Oh wow, you are absolutely right. I should know better than placing an order on something that has no order! Thanks.

Should I be summing the multinomial coefficients on the lowest seven instead, then? Is there a simple identity for that.
The only way I see to do it is to conditionalize on how many times the lowest of the highest 7 (call this value x), occurs in the entire set of 14 dice rolls. You've got 14 dice rolls, i of them are strictly less than x, j of them are equal to x, and the rest are greater than x. The value x occurs i+j-7 times in the highest 7. So, for the highest 7 to sum to some value S, the 14-i-j rolls that are greater than x must sum to S-(i+j-7)x. When you figure out the expression in terms of i, j, and x, you then sum over the possible values of i, j, and x to get the total number of ways that the highest 7 sum to S. It is messy, but I think it works. Is this making sense?

I'm gonna have to think about the combinatorial approach a little more. I may see if one of my old professors minds looking at it with me.

Anyway, here's the results from 10 million trials (each) in java, in case anyone cares. The first number represents the number of dice taken, the second (with a b) represents the number of extra dice rolled. So, 5 4b means roll 9 dice and sum the highest 5, for example.

Good to know that the returns of more bonus dice diminish fairly quickly.

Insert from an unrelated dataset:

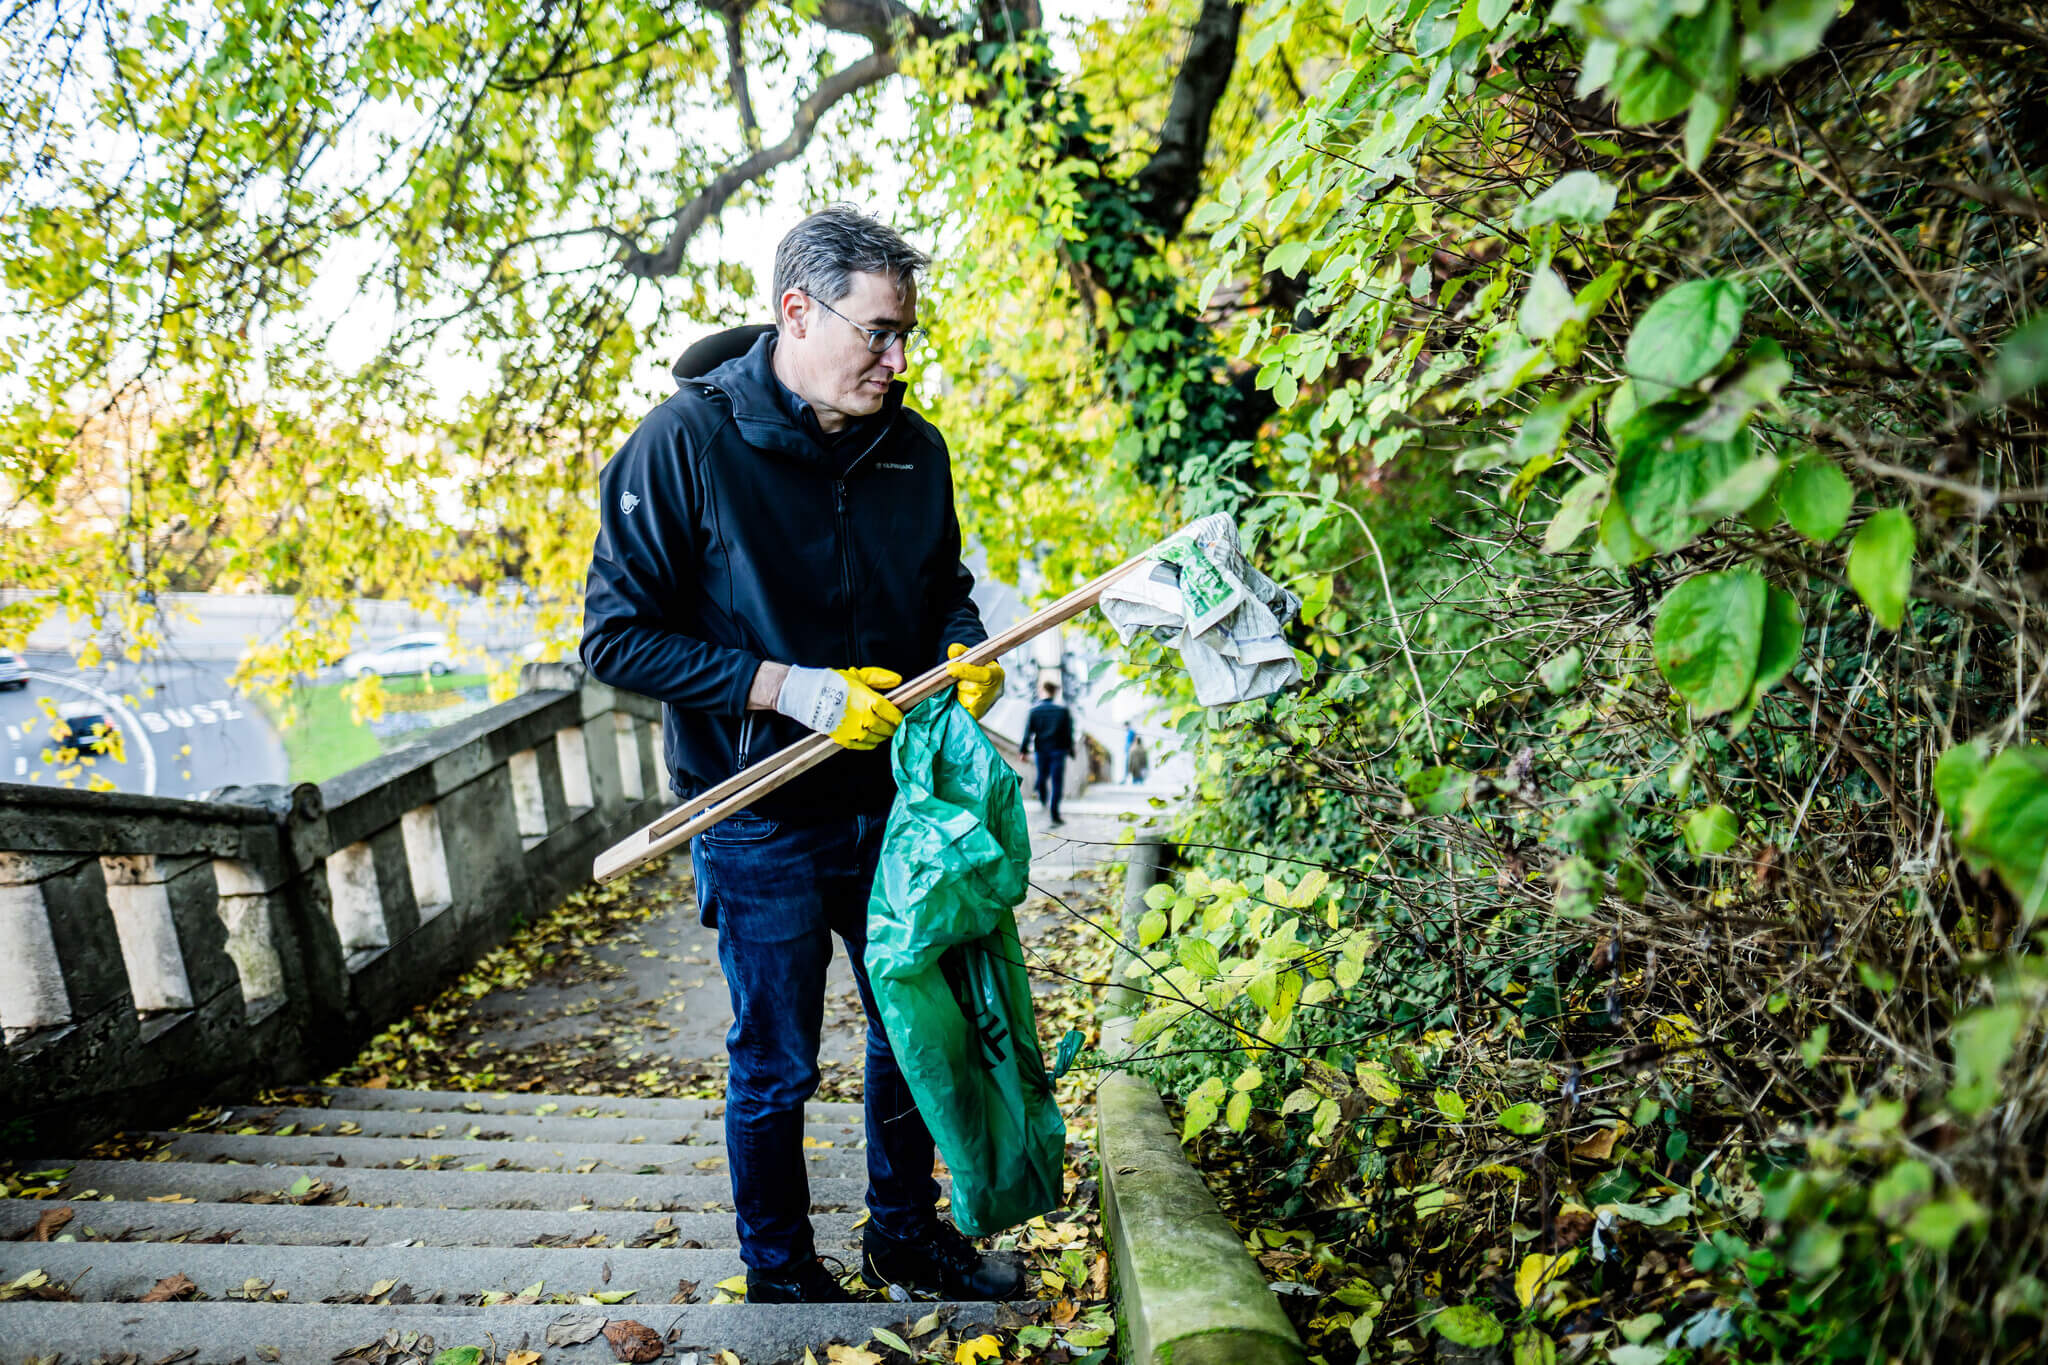 Big Clean Up in Budapest for 150th Birthday, 'Weeds in The City' Winner Revealed

Average of 1 0b = 3.4999777
Average of 1 1b = 4.4716185
Average of 2 0b = 7.0006233
Average of 2 1b = 8.45763
Average of 2 2b = 9.3440604
Average of 3 0b = 10.5014903
Average of 3 1b = 12.2434161
Average of 3 2b = 13.4298458
Average of 3 3b = 14.2725354
Average of 4 0b = 14.0001635
Average of 4 1b = 15.9302557
Average of 4 2b = 17.3435511
Average of 4 3b = 18.4023819
Average of 4 4b = 19.2234638
Average of 5 0b = 17.499684
Average of 5 1b = 19.5581609
Average of 5 2b = 21.1533658
Average of 5 3b = 22.3887886
Average of 5 4b = 23.3748975
Average of 5 5b = 24.1810492
Average of 6 0b = 21.0013445
Average of 6 1b = 23.1531813
Average of 6 2b = 24.8863648
Average of 6 3b = 26.2756418
Average of 6 4b = 27.4074786
Average of 6 5b = 28.3481214
Average of 6 6b = 29.1414323
Average of 7 0b = 24.5008945
Average of 7 1b = 26.7252489
Average of 7 2b = 28.5727906
Average of 7 3b = 30.0860764
Average of 7 4b = 31.3482481
Average of 7 5b = 32.4114345
Average of 7 6b = 33.319577
Average of 7 7b = 34.1048892

good agreement with theoretical value

The values from your simulation agree very nicely with the theoretical values:

1 basic, 0 training: expected sum 3.500000
1 basic, 1 training: expected sum 4.472222
2 basic, 0 training: expected sum 7.000000
2 basic, 1 training: expected sum 8.458333
2 basic, 2 training: expected sum 9.344136
3 basic, 0 training: expected sum 10.500000
3 basic, 1 training: expected sum 12.244599
3 basic, 2 training: expected sum 13.430170
3 basic, 3 training: expected sum 14.273791
4 basic, 0 training: expected sum 14.000000
4 basic, 1 training: expected sum 15.930941
4 basic, 2 training: expected sum 17.344479
4 basic, 3 training: expected sum 18.402756
4 basic, 4 training: expected sum 19.222277
5 basic, 0 training: expected sum 17.500000
5 basic, 1 training: expected sum 19.560292
5 basic, 2 training: expected sum 21.151460
5 basic, 3 training: expected sum 22.388805
5 basic, 4 training: expected sum 23.375062
5 basic, 5 training: expected sum 24.179310
6 basic, 0 training: expected sum 21.000000
6 basic, 1 training: expected sum 23.154117
6 basic, 2 training: expected sum 24.886813
6 basic, 3 training: expected sum 26.274812
6 basic, 4 training: expected sum 27.406675
6 basic, 5 training: expected sum 28.347241
6 basic, 6 training: expected sum 29.141009
7 basic, 0 training: expected sum 24.500000
7 basic, 1 training: expected sum 26.724354
7 basic, 2 training: expected sum 28.571949
7 basic, 3 training: expected sum 30.088016
7 basic, 4 training: expected sum 31.347410
7 basic, 5 training: expected sum 32.410309
7 basic, 6 training: expected sum 33.319426
7 basic, 7 training: expected sum 1.823745

Obviously the last one isn't right. I'm guessing the binomial coefficients got too large and overflowed some variable. You still have access to your old profs? Cool. Yeah, if you can get a professor to help you that would be awesome. Also, If you want me to expand on the hints I gave in post #5, I can.